CVG Network

Use cases (real-world workflows)

This page is a practical guide to using Elevation Explorer for common questions. It’s designed for field use, planning, and software development. For engineering deliverables, always confirm against authoritative control and documented vertical metadata.

Quick rule
If the answer depends on sub-foot vertical differences (e.g., low-relief flood screening), pay close attention to vertical reference, resolution, and surface type (DTM vs DSM).

A) Planning / quick due diligence (one point)

Question: “Roughly how high is this location?” Good for: site familiarity, map notes, pre-visit planning.

  1. Search an address/place or click the map.
  2. Read the main elevation value (toggle meters/feet as needed).
  3. Check Method / Dataset / Resolution in the Source panel.
  4. If you need more confidence, enable one cross-check provider (not all).
  5. Use Copy summary to paste into an email/ticket with provenance.
  • Recommended sources: same-origin API baseline + (optional) EPQS cross-check in the U.S.
  • Watch for: Unknown vertical reference.
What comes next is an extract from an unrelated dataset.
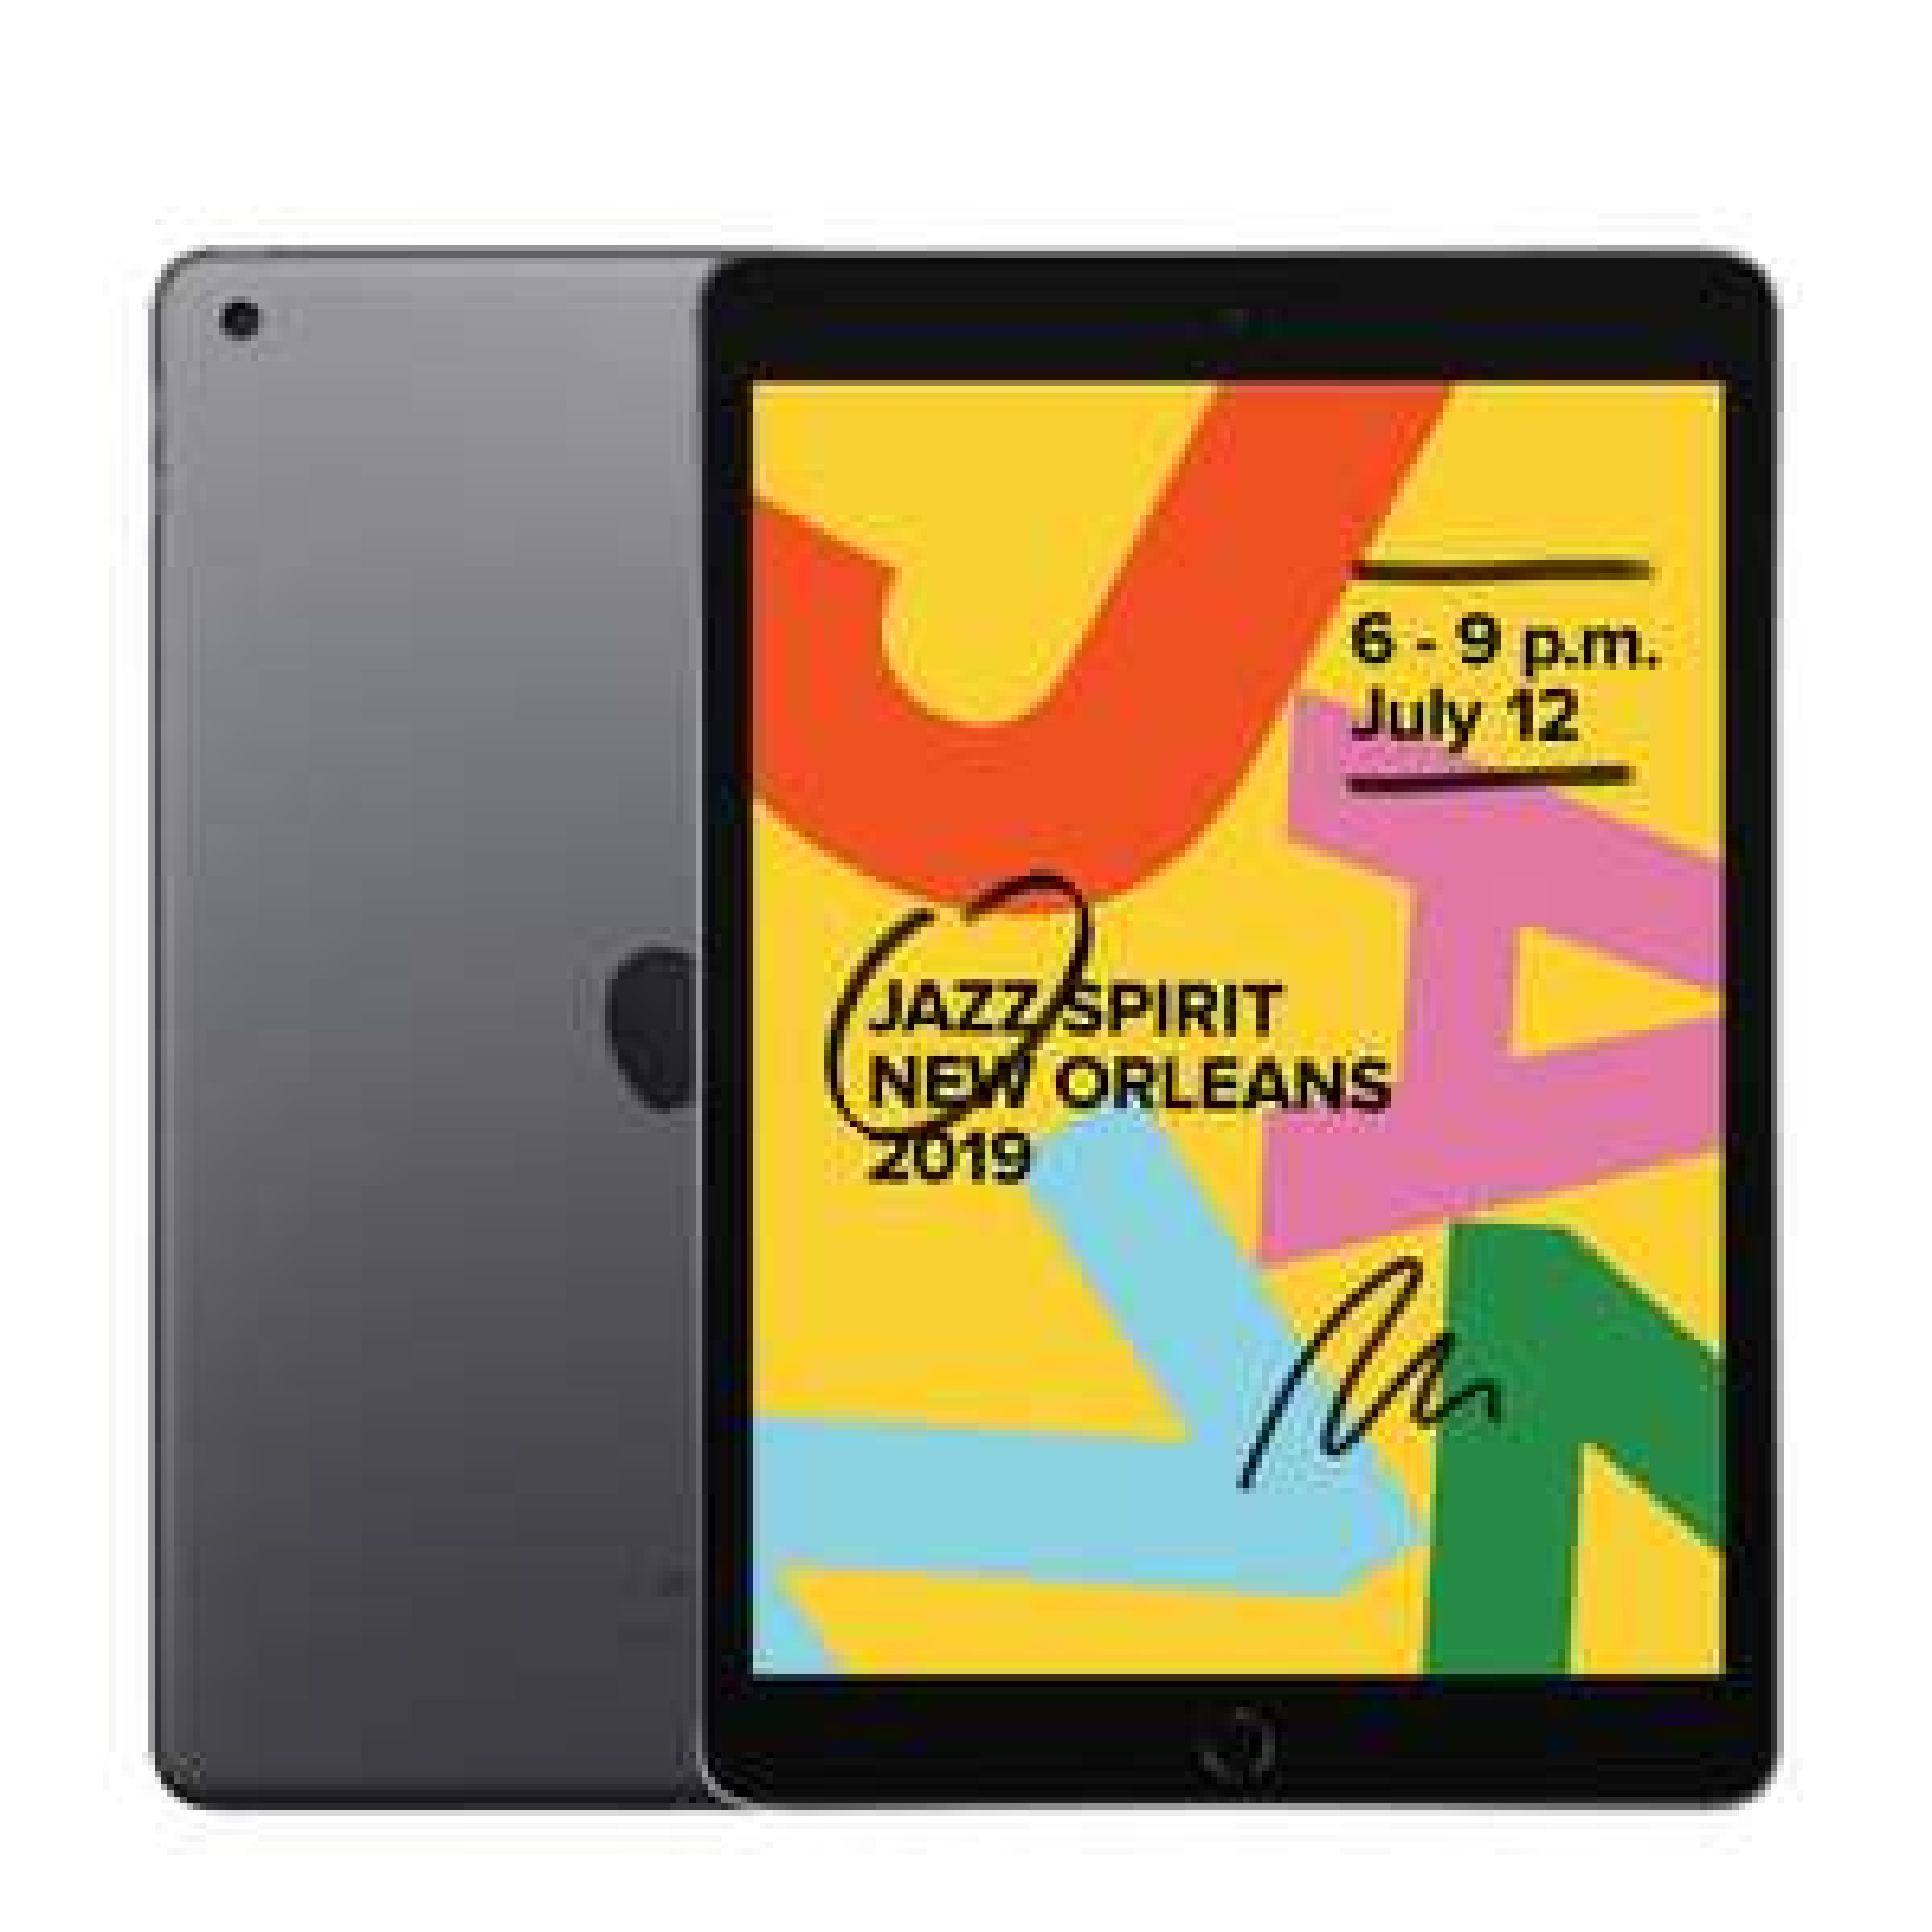 Apple iPad 2019 - 128GB Wifi (Space Gray) US model + NL stekker @ Wehkamp

Use as best-available only.

B) Flood / SLR screening (low relief areas)

Question: “Is this location plausibly below (or near) a flood/SLR threshold?” This is not a hydrodynamic model, but it helps with fast screening.

  1. Sample your point of interest (POI).
  2. Sample 4–8 nearby points (25–100 m around the POI) to understand micro-topography and DEM smoothing.
  3. Check validation: if it says CHECK, treat the result as uncertain and investigate why.
  4. Prefer higher-resolution/bare-earth sources when available.
  5. Document the vertical reference expectations of your threshold (e.g., NAVD88 vs unknown).
  • Recommended sources: USGS 3DEP-derived products when working in the U.S.; treat global DEMs cautiously for sub-meter decisions.
  • Watch for: comparing a modeled water surface to elevations from a different datum/geoid.
  • Tip: in very flat areas, small differences can come from interpolation, datum, or vegetation/buildings in a DSM.
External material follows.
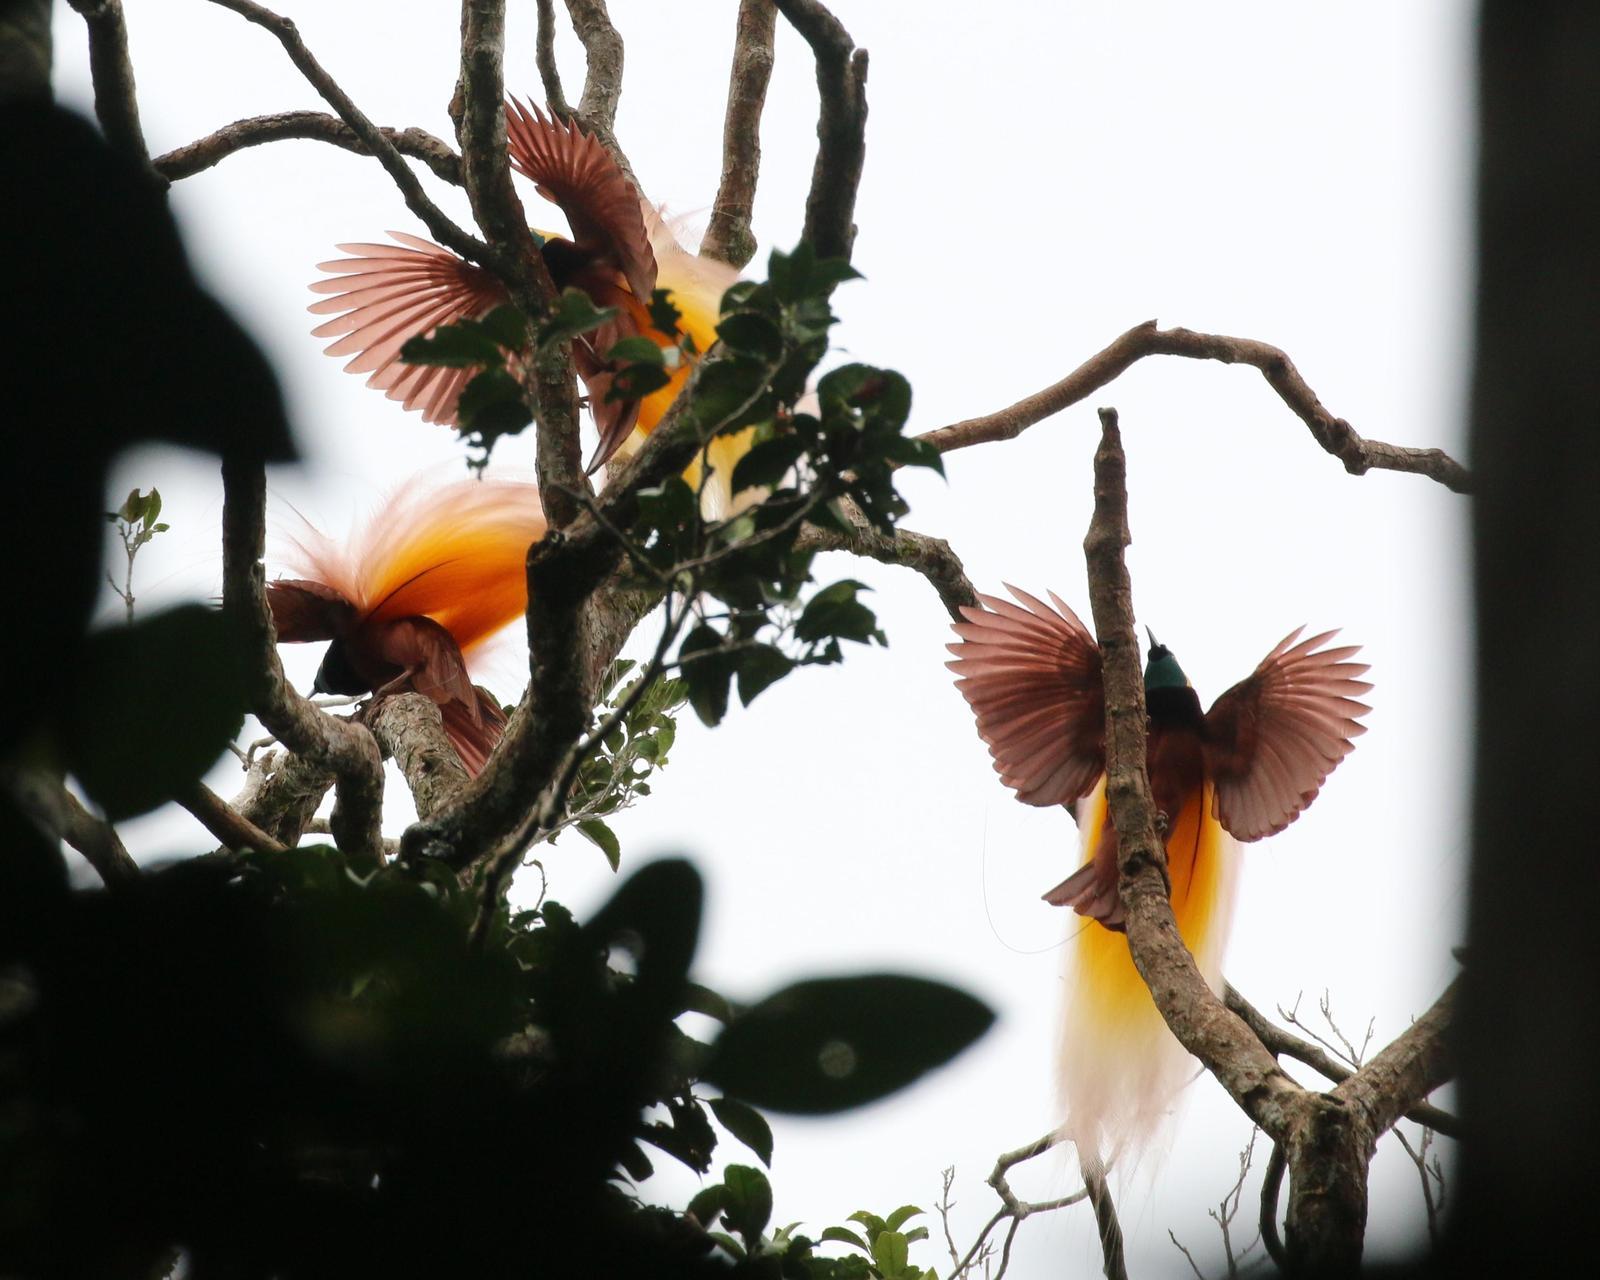 Greater Bird-of-Paradise Photo by Richard Jeffers

C) Drainage / “which way does water go?” (local slope check)

Question: “Does this spot appear higher/lower than the surrounding area?” Useful for sanity checks and field interpretation.

  1. Sample the point of interest.
  2. Sample 8–12 points along likely flow paths (toward ditches, culverts, canals, shoreline).
  3. Look at differences, not just absolute elevation.
  4. If results are noisy, increase the spacing (e.g., 50–200 m) to reduce pixel-to-pixel jitter.
  • Recommended sources: DTM/bare-earth DEMs where possible (LiDAR/3DEP), not DSM.
  • Watch for: bridges and overpasses (some DEMs burn water/roads; others don’t).

D) Profile sampling (road/shoreline/transect)

Question: “How does elevation change along a line?” Elevation Explorer’s History sparkline is a quick visual for repeated samples.

  1. Click points along your route/transect in order (start → end).
  2. Use the Profile toggle in the History card to show the sparkline.
  3. Export CSV for analysis in GIS, Python, or Excel.
  • Recommended sources: stay on one dataset for the entire transect when possible (mixing sources can create artificial steps).
  • Watch for: mismatched units or toggling providers mid-profile.

E) GNSS / field notes (phone vs “map elevation”)

Question: “Why does my GNSS device/phone disagree with this app?”

  1. Confirm your GNSS device output reference: orthometric height vs ellipsoidal height.
  2. In the app, check Vertical reference and notes.
  3. Compare multiple nearby points (GNSS positions drift; DEMs are gridded).
  4. If the difference is large (many meters), suspect datum/geoid mismatch first.
  • Recommended sources: use the datum guide to understand conversions; for deliverables, use surveyed control.

F) Developer recipes (common patterns)

Goal: integrate elevation lookup into an app without fighting CORS or public rate limits.

  • Prefer server-side calls (same-origin API) for reliability and consistent headers/caching.
  • Batch and cache aggressively for bulk sampling (tiles/COGs when possible).
  • Always store provenance: dataset name, resolution, vertical reference, timestamp.
  • Same-origin baseline (recommended)
    /elevation/api/elevation.php?lat={lat}&lon={lon}
    Reliable from browsers (no CORS issues) and includes validation + alternates.
  • USGS EPQS (direct call)
    https://epqs.nationalmap.gov/v1/json?x={lon}&y={lat}&units=Meters&wkid=4326&includeDate=false
    Great fallback in U.S.-centric apps.
  • What to trust for which question

    Planning / quick checks
    Same-origin baseline; 1 cross-check if needed.
    Sub-foot screening
    Highest-resolution DTM available, documented vertical reference. Validate and verify.
    Line profiles
    Prefer one consistent dataset along the whole line; export CSV for analysis.
    Engineering deliverables
    Authoritative control/benchmarks + documented vertical datum. Use this tool as a helper, not the source of truth.